En el caso que relatamos, no existen al parecer vínculos de parentesco ni por consanguinidad ni por afinidad, pero ¿Podría existir al menos tráfico de influencias? Sobre todo si tenemos en cuenta que algunas de estas personas cuestionadas obtuvieron importantes adjudicaciones en la región metropolitana, aún estando con procesos pendientes de faltas tan graves como es la falsificación de una firma, sancionada duramente en el Código Penal.

Me llama personalmente la atención, ya que hace años atrás yo trabajé en una licitación de mediación en Osorno, junto a una mediadora que es abogada. Dada la gran carga de trabajo privado de mi colega, olvidó por un par de semanas subir al sistema unas causas de mediación frustrada. El usuario afectado presentó su queja ante la unidad respectiva, quien la sancionó inmediatamente con tres años de suspensión del registro.

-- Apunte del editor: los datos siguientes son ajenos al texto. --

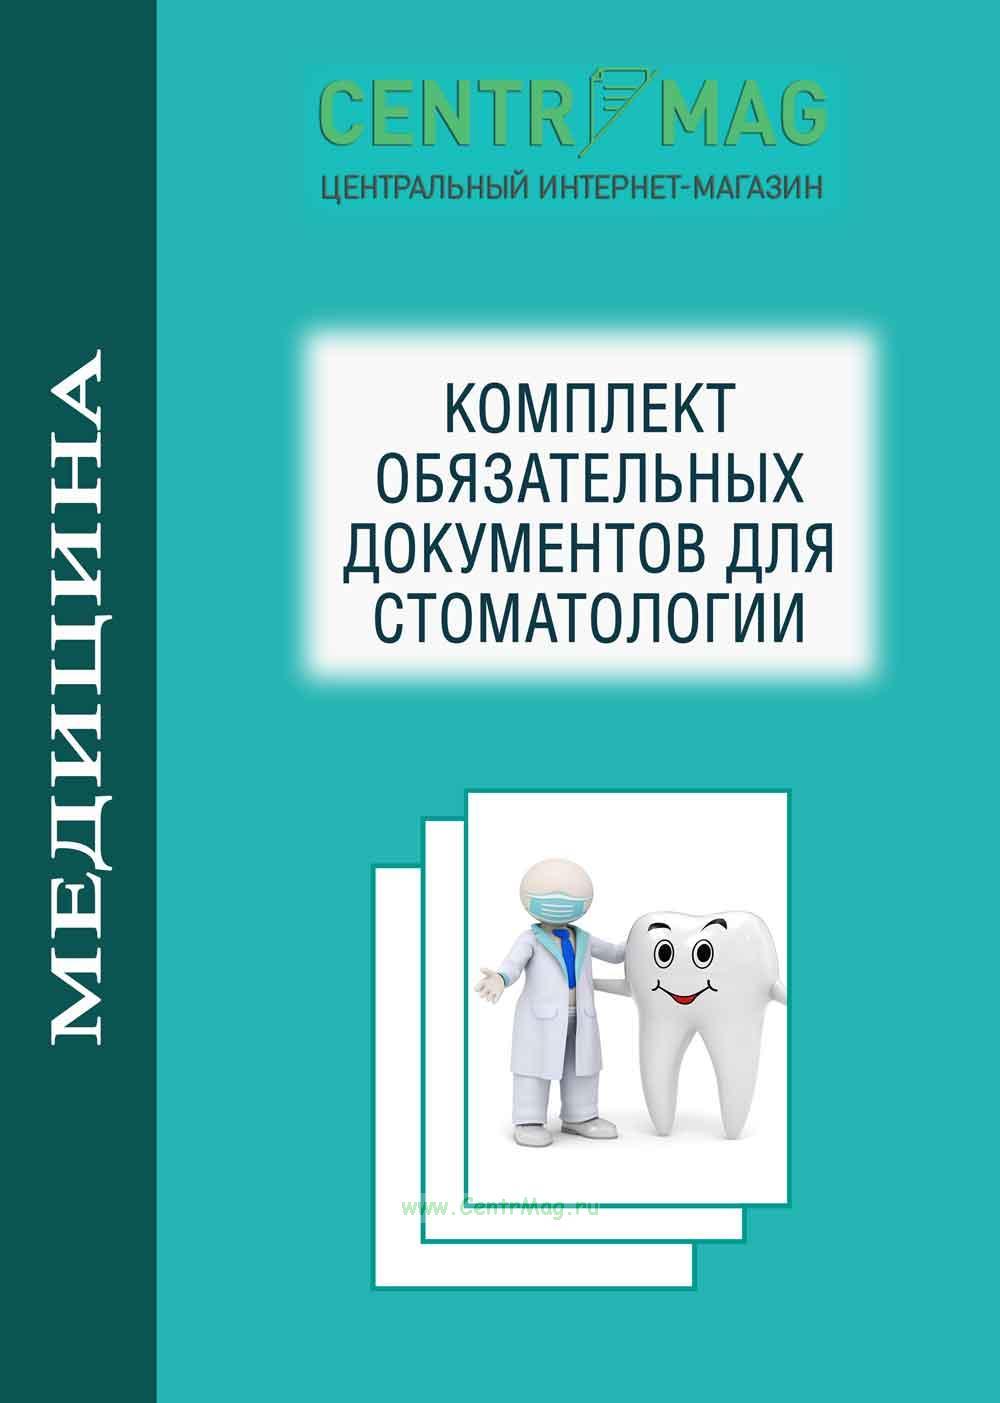 Комплект обязательных документов для стоматологии 2018 год. Последняя редакция
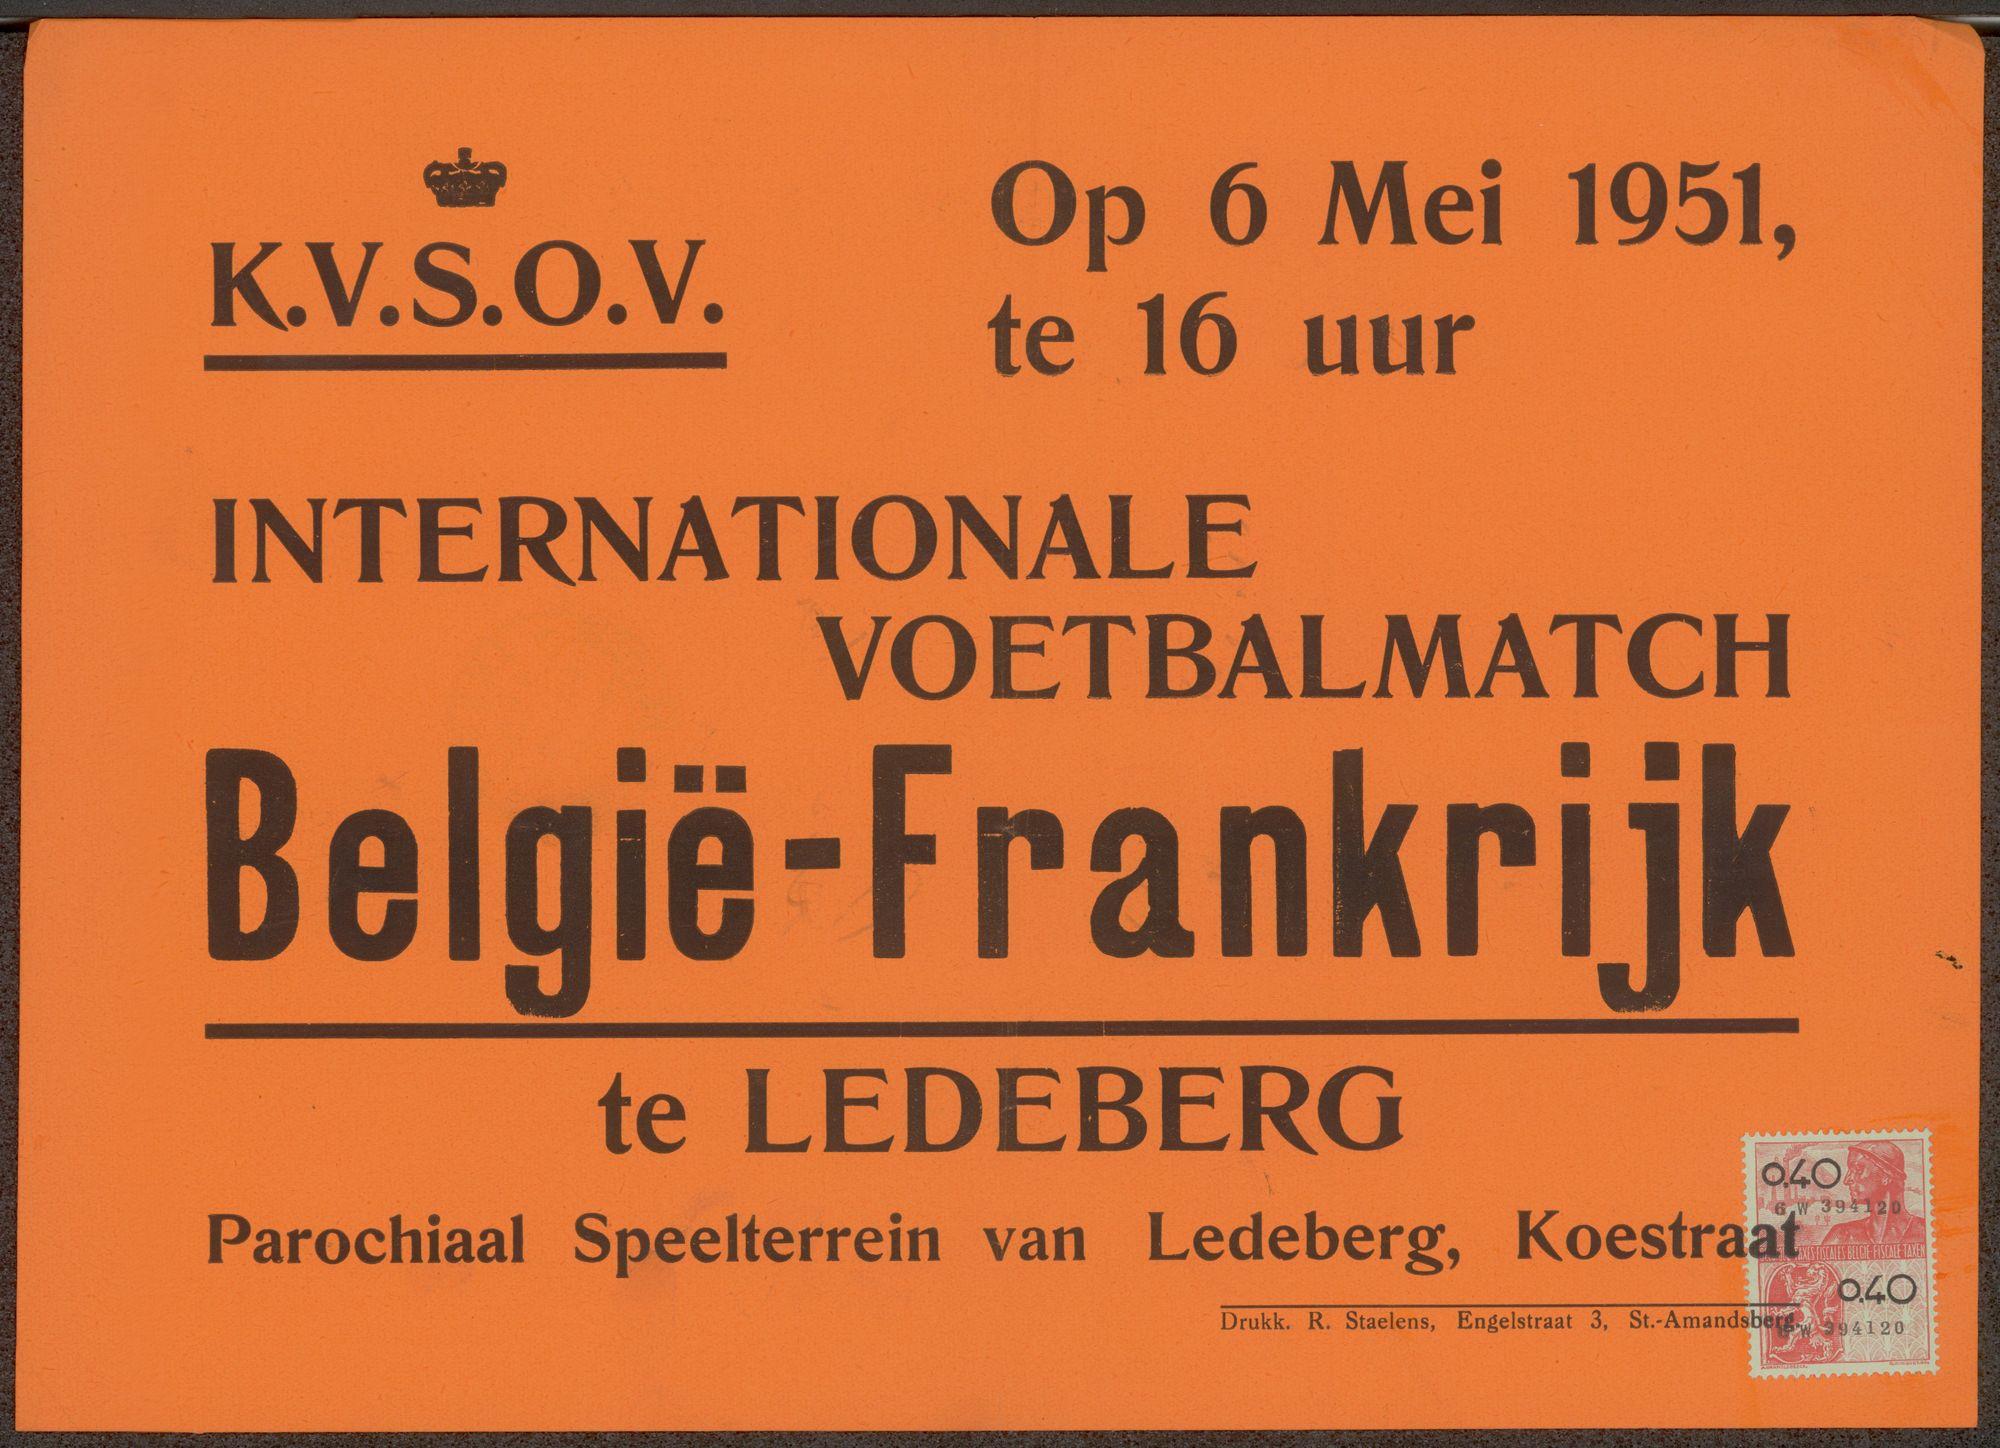 Internationale Voetbalmatch België - Frankrijk, te Ledeberg, Parochiaal Speelterrein van Ledeberg, Koestraat, op 6 Mei 1951

Lo cierto es que las bases del sistema de licitación pública de los servicios de mediación familiar adolecen de errores de diseño, que permiten toda clase de triquiñuelas y trampas. Por ejemplo, al no premiar el mérito de la formación del mediador con puntaje, hay que obtener puntaje como sea, entonces se premia con puntaje a los centros que ofrecen mejores sueldos a los mediadores. ¿Qué ocurrió? Ocurrió que los centros se coluden con algunos mediadores, en el anexo respectivo ponen por escrito y bajo firma que el mediador ganará un gran sueldo. Con eso el centro obtiene la licitación. Pero llegado el momento de pagarle al mediador, éste recibirá el minimo establecido por una gran jornada.

Entonces, nos parece que fue una medida desproporcionada en comparación a lo que pasa ahora. El caso es que mi amiga vino a Santiago a reclamar, y a los pocos días la persona que había dictado dicha sanción dejaba el cargo. Como podemos ver, como decía un amigo estadounidense, en todas partes se cuecen habas, sólo que en Usa se cuecen en olla a presión.